Patients treated with CD34+ cell therapy (n = 187) improved total exercise time by 80.5 seconds at 3 months, 101.8 seconds at 6 months and 90.5 seconds at 12 months. In comparison, total exercise time improved by 28.1 seconds to 39.5 seconds during follow-up in the placebo group (n = 89). This resulted in treatment effects of 52.5 seconds (P = .002), 52.9 seconds (P = .009) and 50.9 seconds (P = .027), respectively.

At 24 months, the rate of mortality was 2.6% in the CD34+ cell therapy group vs. 11.8% in the placebo group (P = .003).

Additionally, the rate of MACE was numerically less frequent in the cell therapy group: 29.8% vs. 40% (P = .08).

“There clearly is no signal that there is an excess risk associated with autologous CD34+ cell administration. The trend clearly favors the cell therapy arm,” Povsic said.

The relative risk for angina was also reduced among those who received cell therapy, from 0.9 at 3 months to 0.81 at 6 months to 0.79 at 12 months.

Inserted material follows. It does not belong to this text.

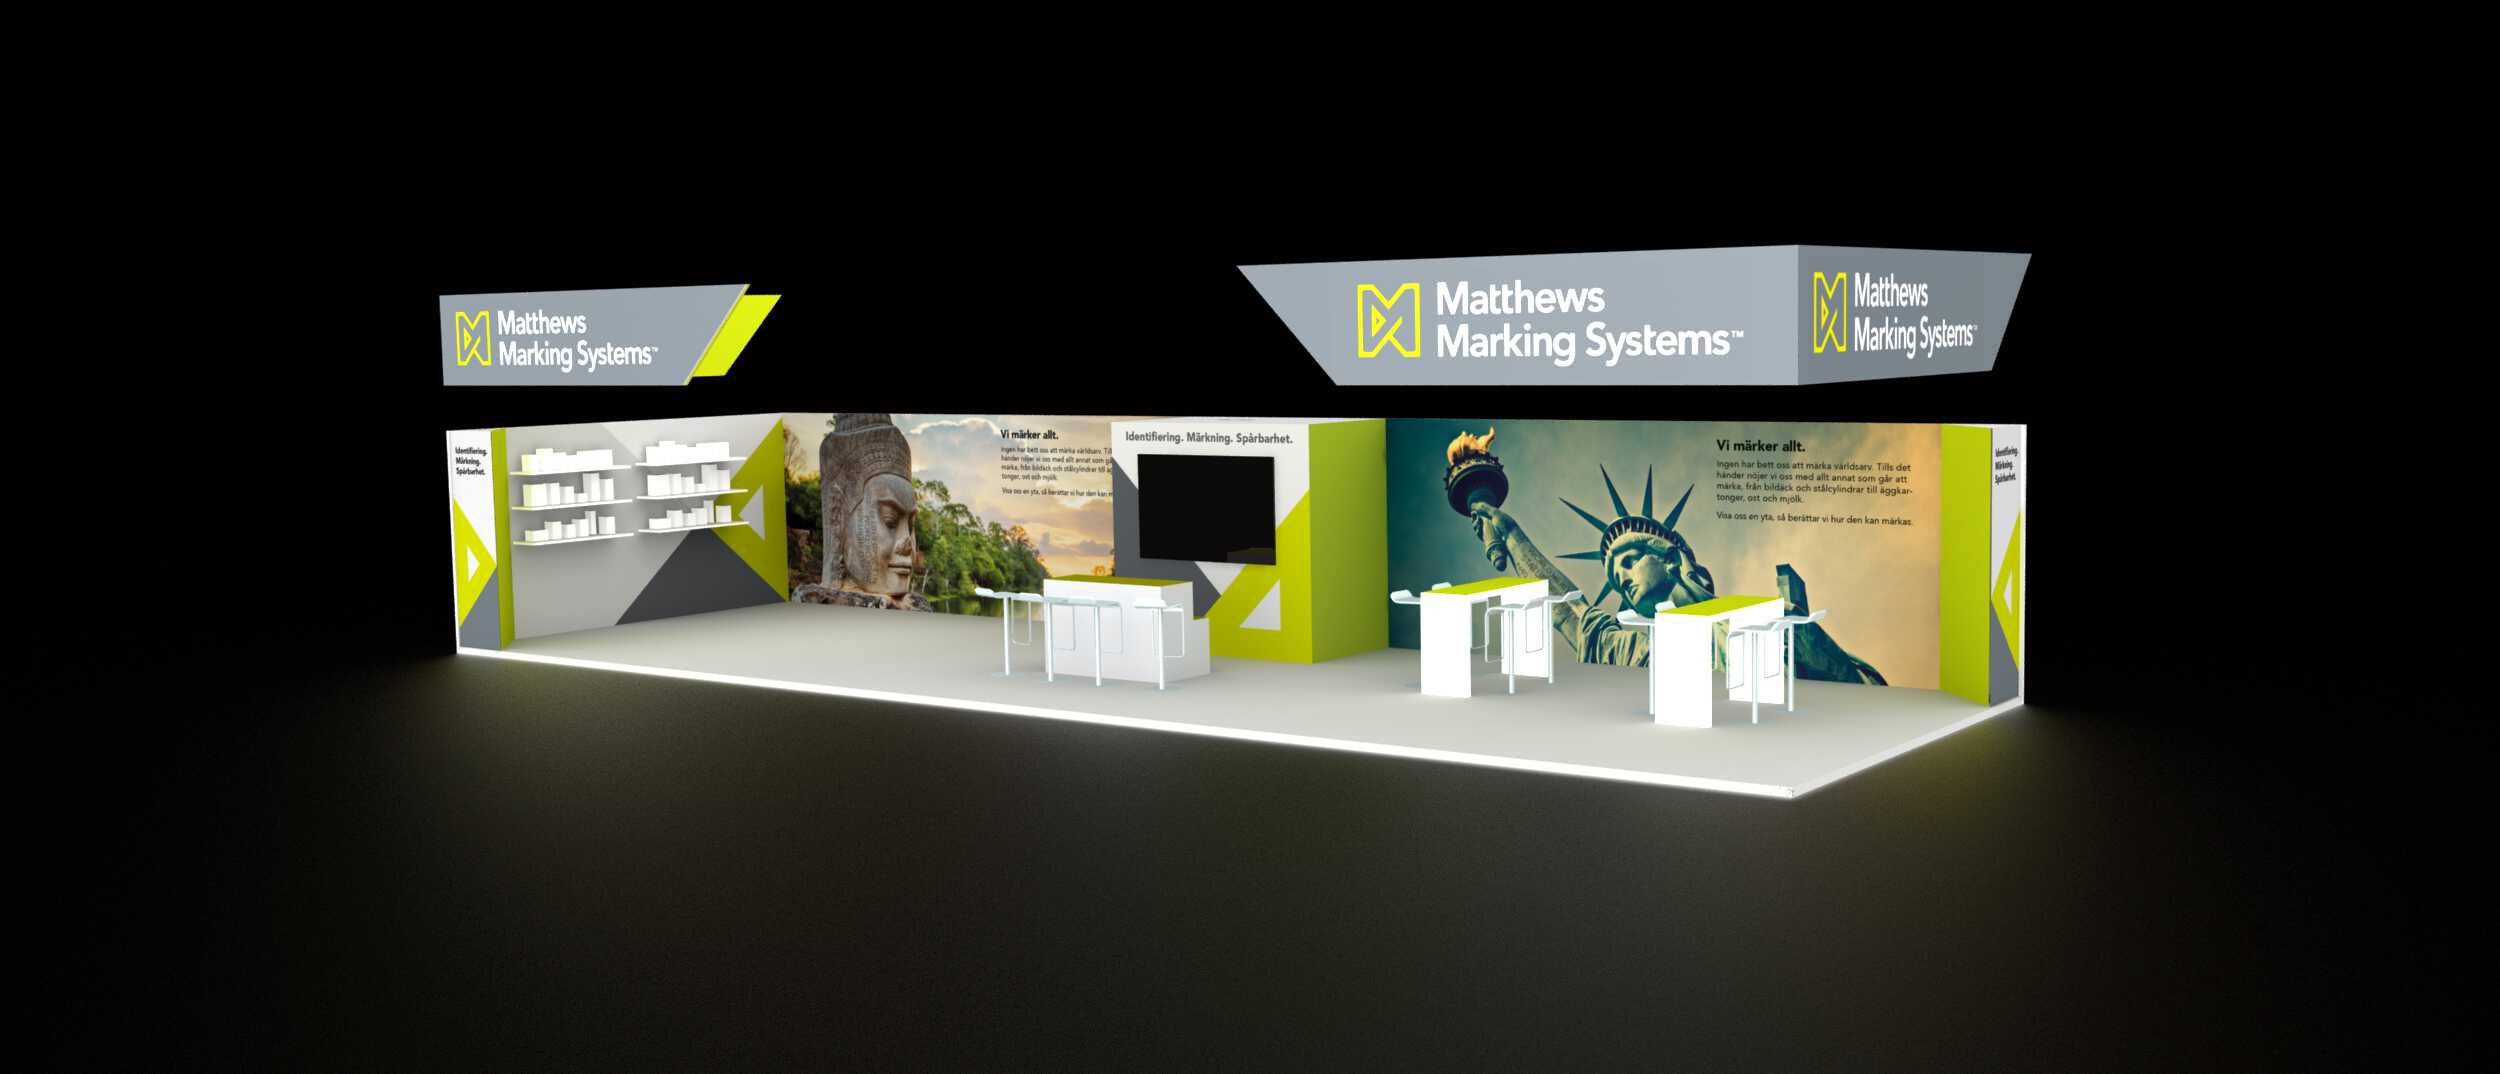 Matthews Marking Systems

“We believe that this type of cell therapy for refractory angina is particularly promising and may improve both functional status and mortality. It is imperative to explore methods to bring this therapy to patients,” he said.

It is estimated that 10 million to 12 million Americans have refractory angina, and up to 100,000 new cases are diagnosed each year.

When asked during a press conference about the future of cell therapy in patients with refractory angina, Povsic acknowledged that these trials are “extremely expensive” to run. Further, he said, Baxter has divested itself of CD34+ cell therapy.

“The future is cloudy for this therapy,” he said.

“I personally believe this therapy has more data for efficacy and safety than any other therapy for the treatment of refractory angina. There is a new opportunity with passage of the 21st Century Cures Act, where regenerative therapy has a special category called Regenerative Advanced Therapy that allows for a therapy that fulfills a particular medical need to undergo expedited approval. Whether or not these data could be sufficient to allow for consideration of this therapy to be approved … that’s something we would like to explore,” he said.

Reference:

Povsic T. Late-Breaking Clinical Trials I. Presented at: Society for Cardiovascular Angiography and Interventions Annual Meeting; May 10-13, 2017; New Orleans.

Disclosure: The studies were funded by Baxter. Povsic reports no relevant financial disclosures.